▸ PROBLEM TO SOLVE
Reproduce the whole listing that follows, character for character, and drop the images.

▸ COLLECTED MATERIAL
- Opening Delimiter -
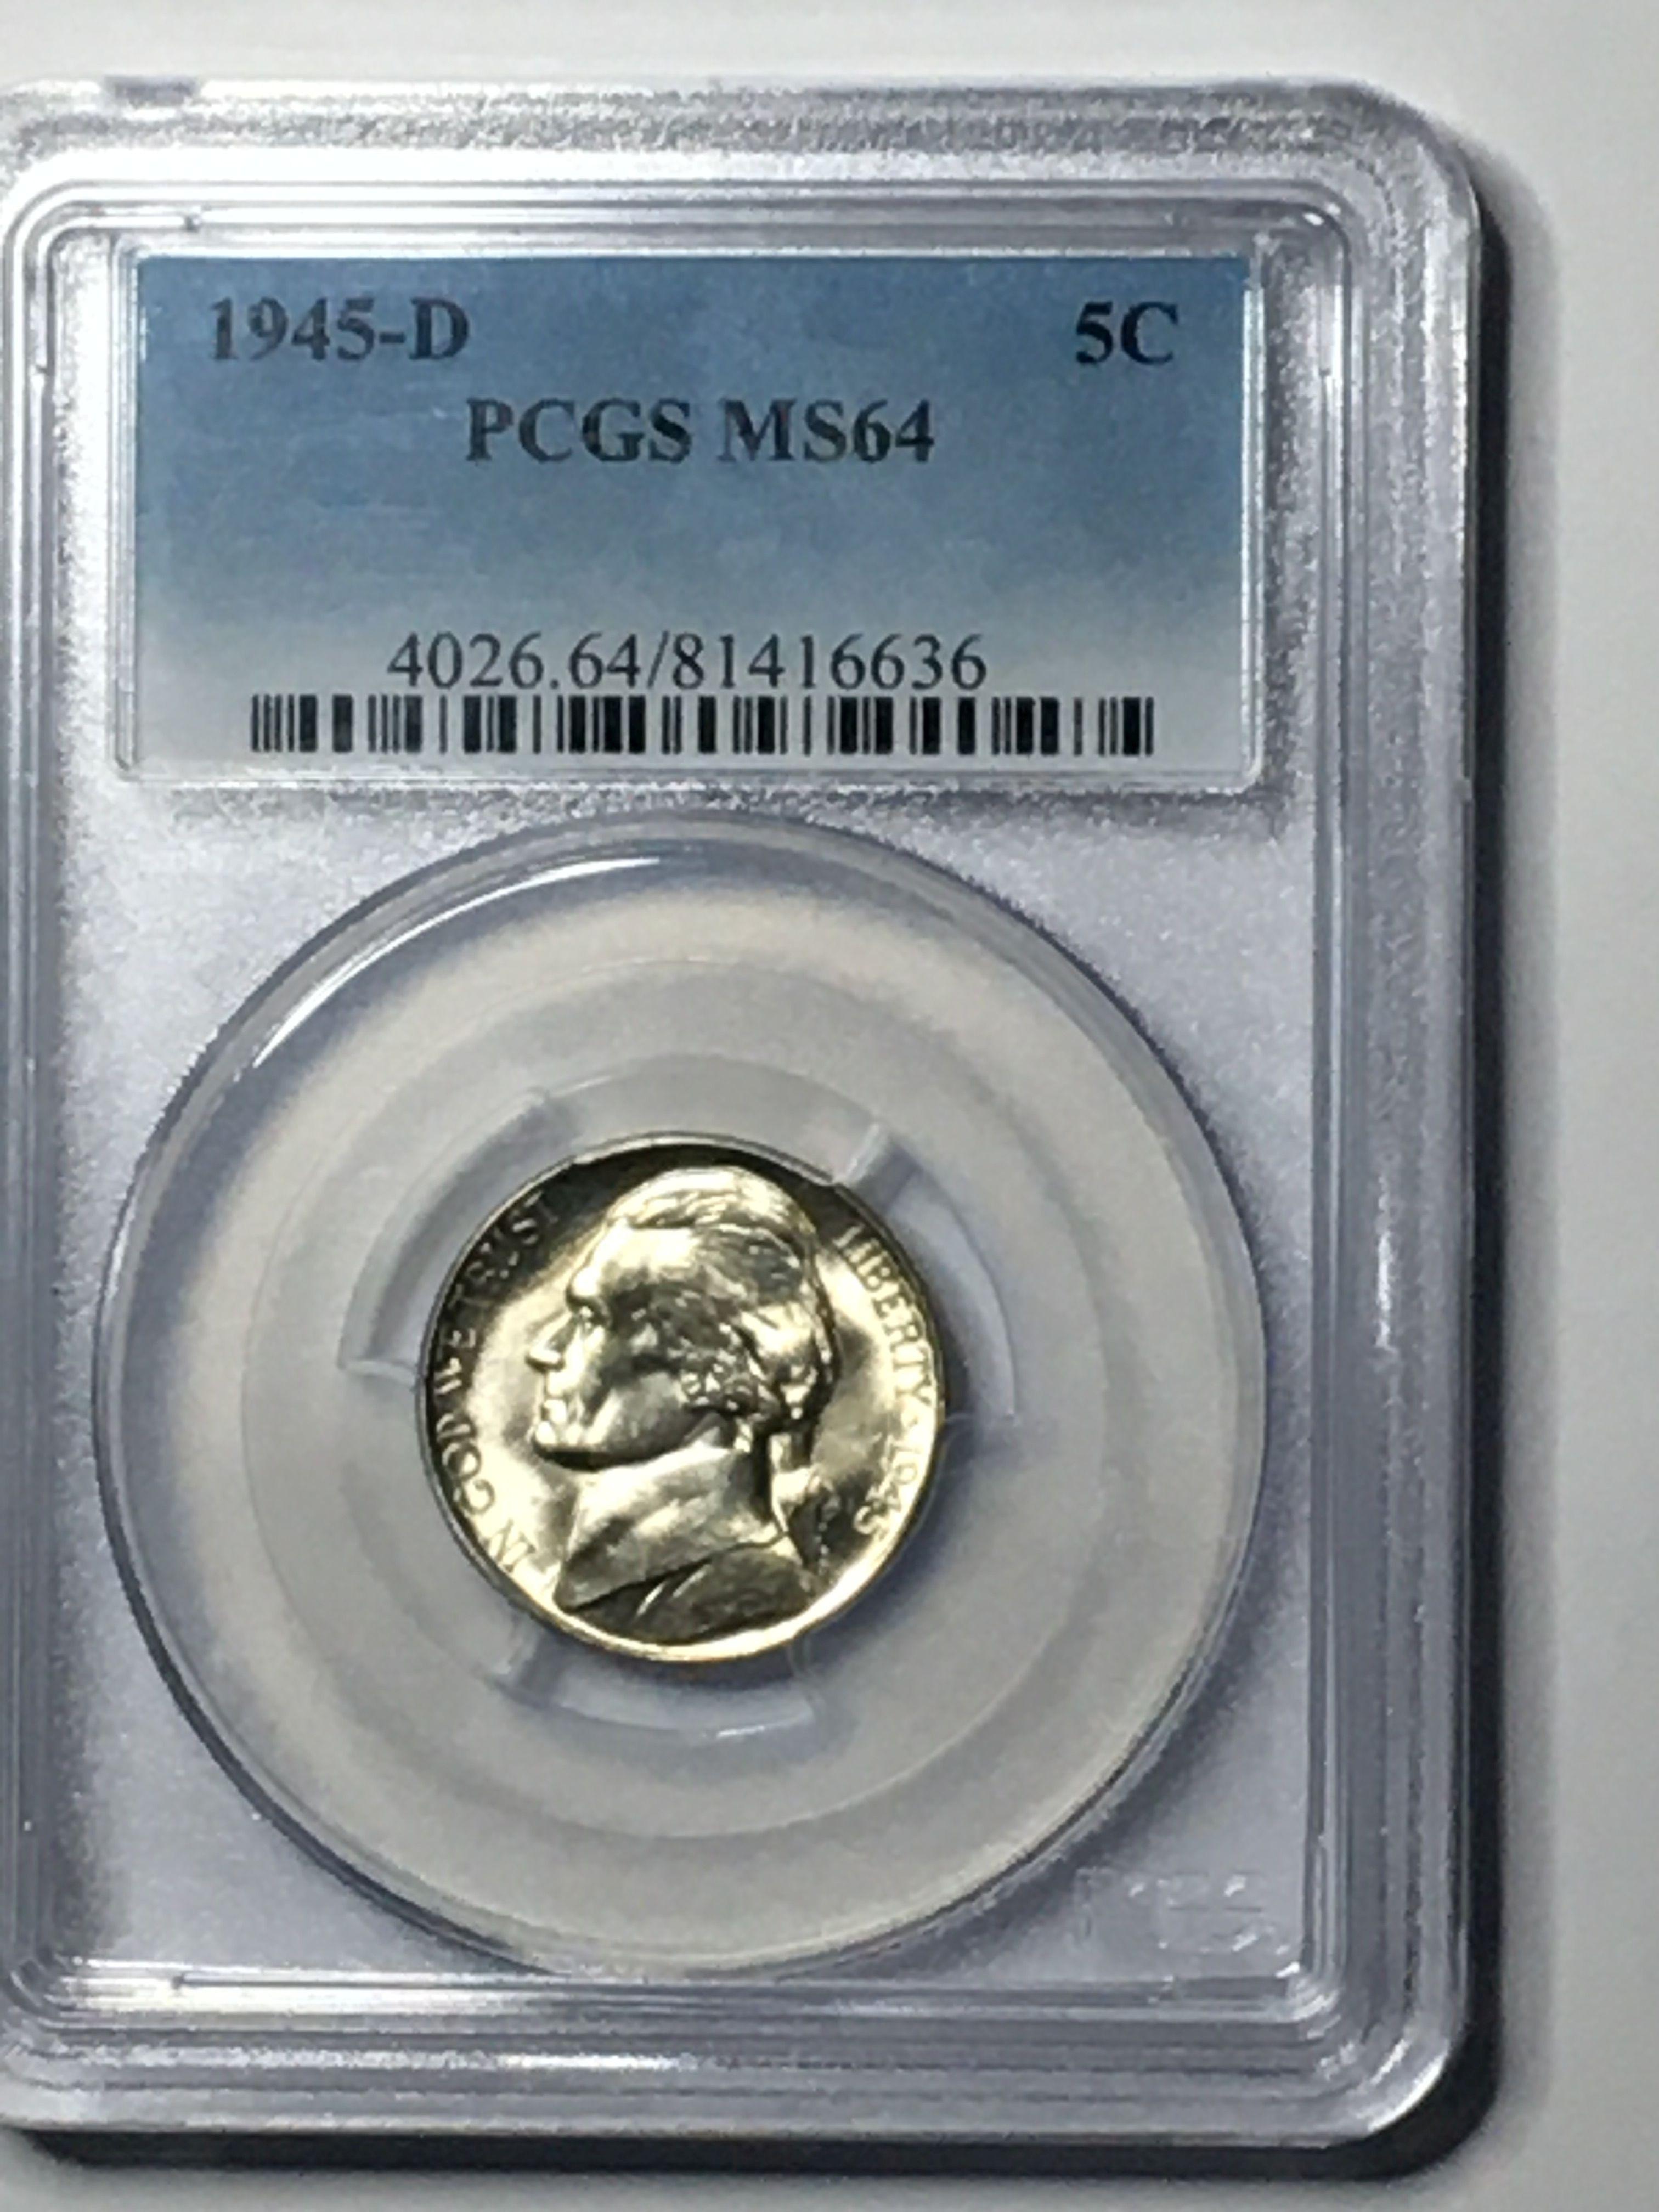 Jefferson Silver War Nickel Looks Better 1945 D
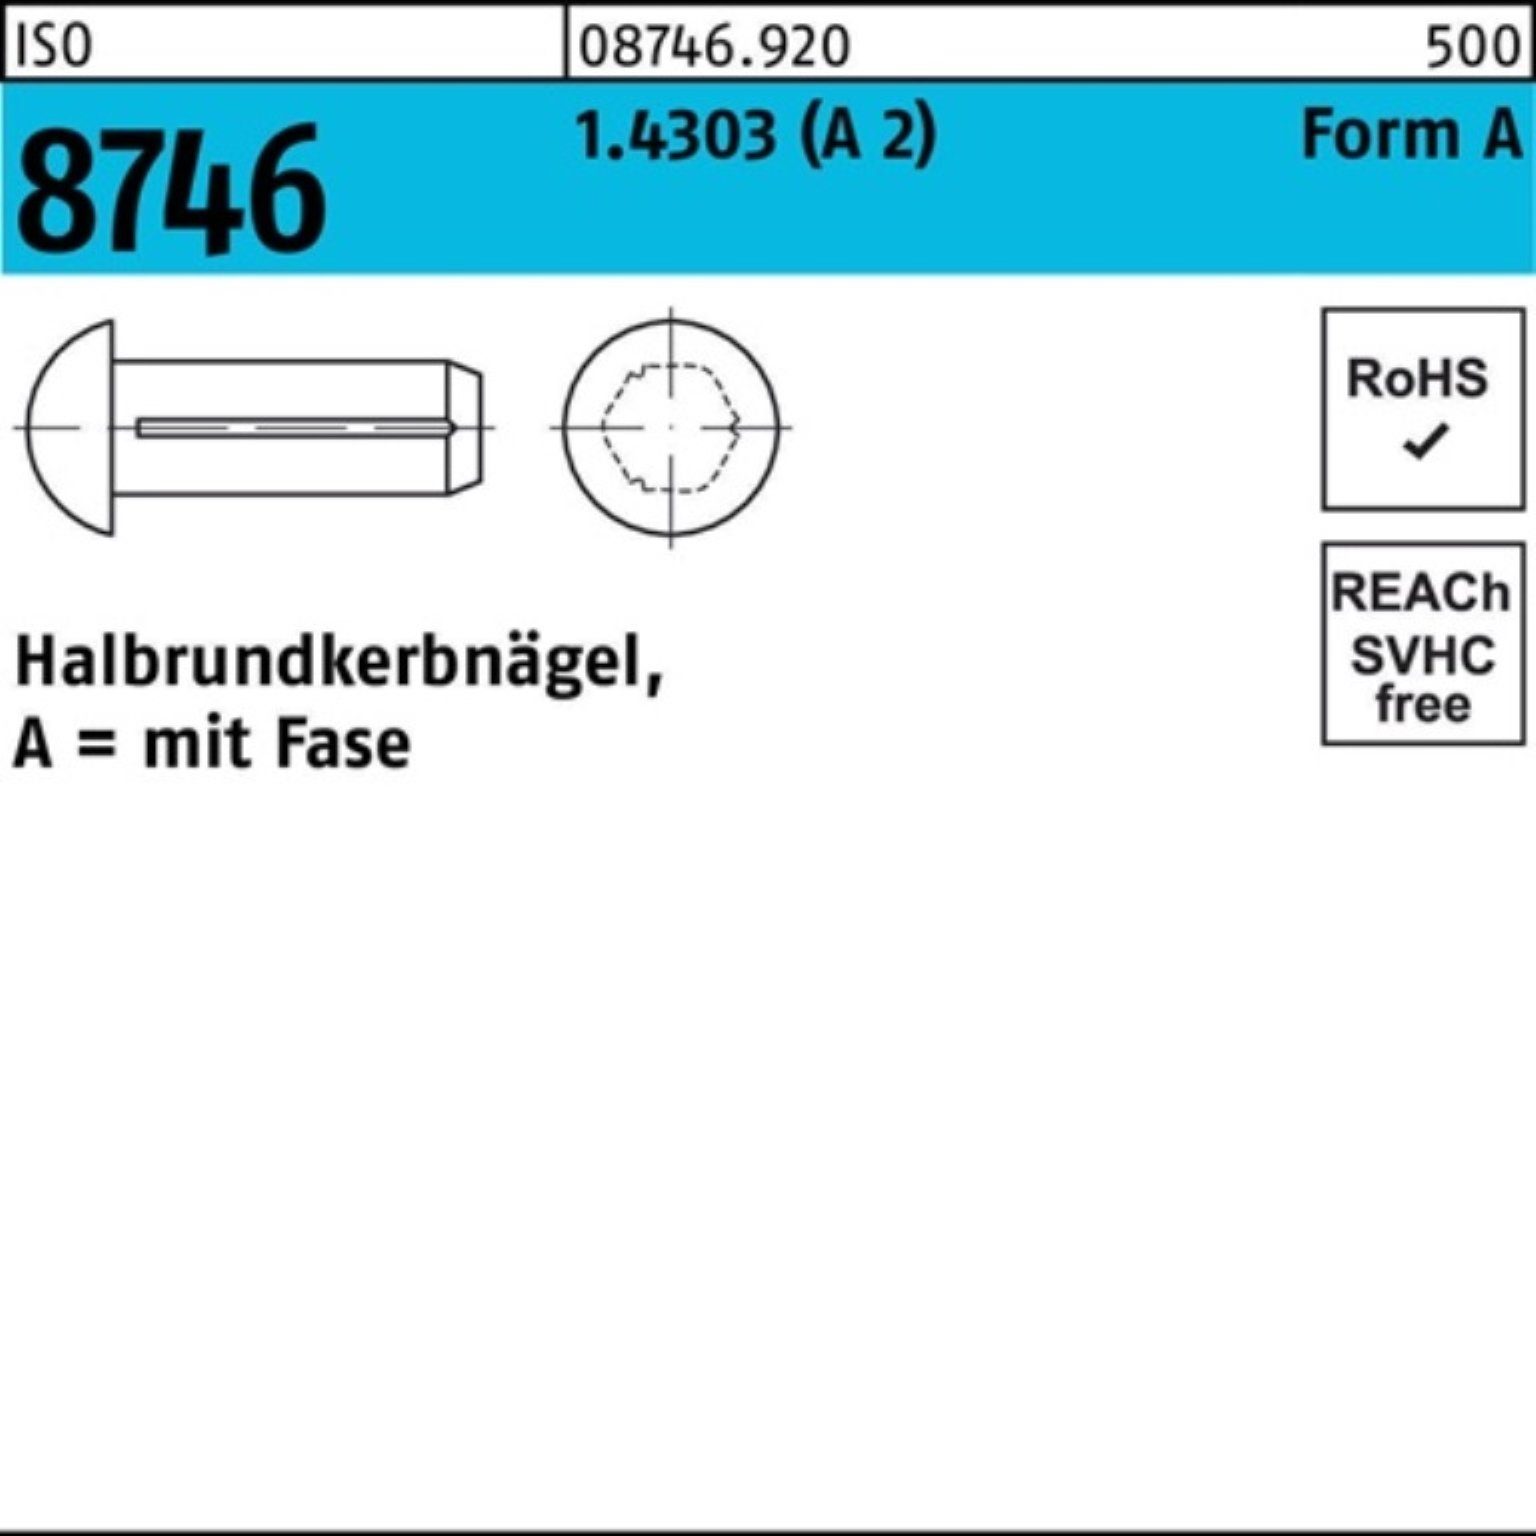 Reyher ISO 5x 100er Fase 2) 12 Nagel Halbrundkerbnagel 1.4303 8746 Pack 100 Stü (A
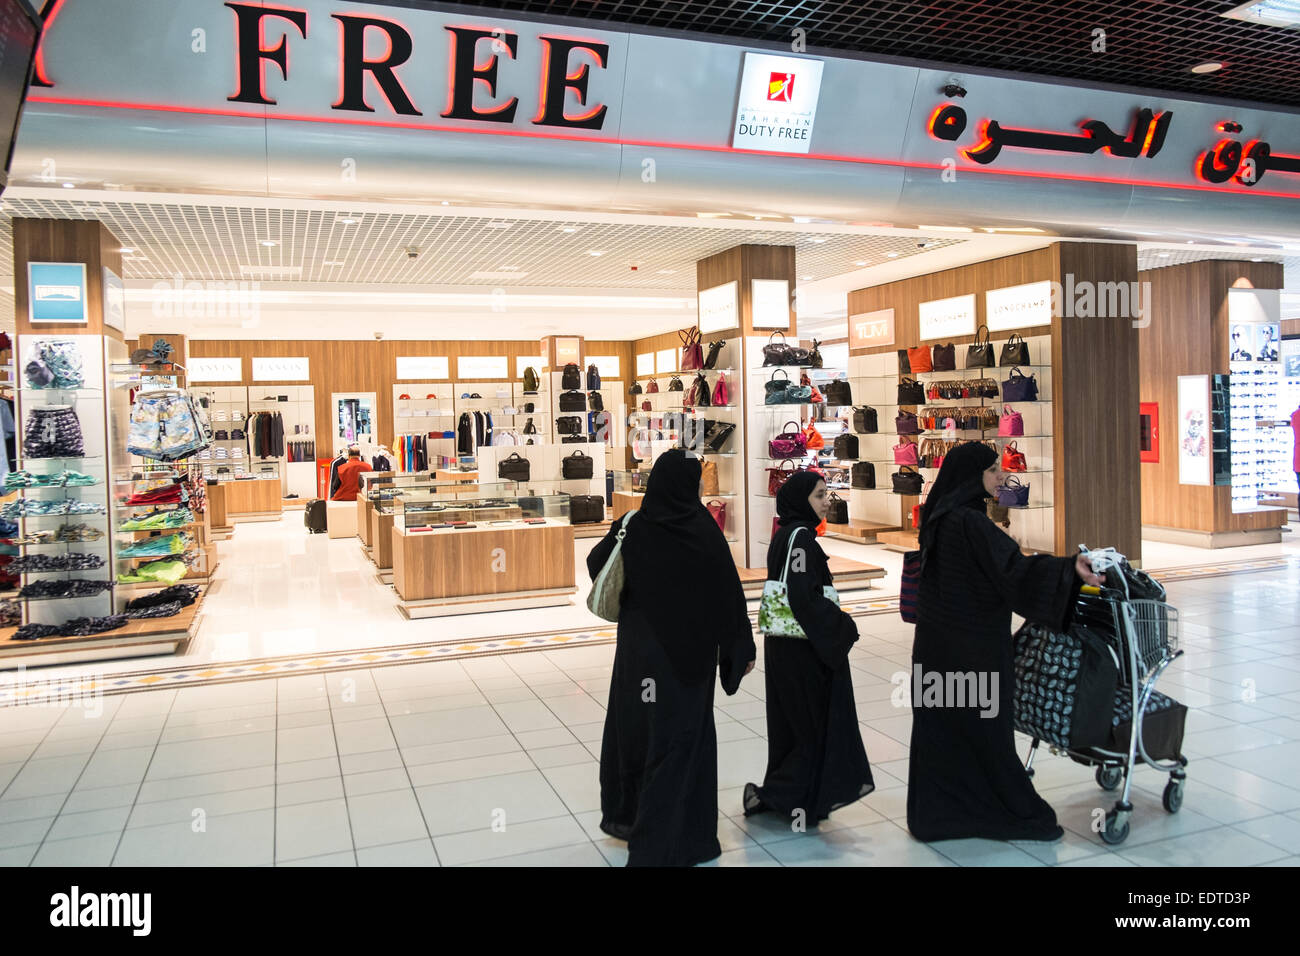 Perfume,l'aéroport de Bahreïn, Bahreïn, au Moyen-Orient. Couverts, musulmans, les femmes, en passant, Duty Free, boutique, à l'Aéroport International de Bahreïn, Banque D'Images
- Closing Delimiter -
▸ EXERCISE SOLUTION
 Jefferson Silver War Nickel Looks Better 1945 D
 Reyher ISO 5x 100er Fase 2) 12 Nagel Halbrundkerbnagel 1.4303 8746 Pack 100 Stü (A
 Perfume,l'aéroport de Bahreïn, Bahreïn, au Moyen-Orient. Couverts, musulmans, les femmes, en passant, Duty Free, boutique, à l'Aéroport International de Bahreïn, Banque D'Images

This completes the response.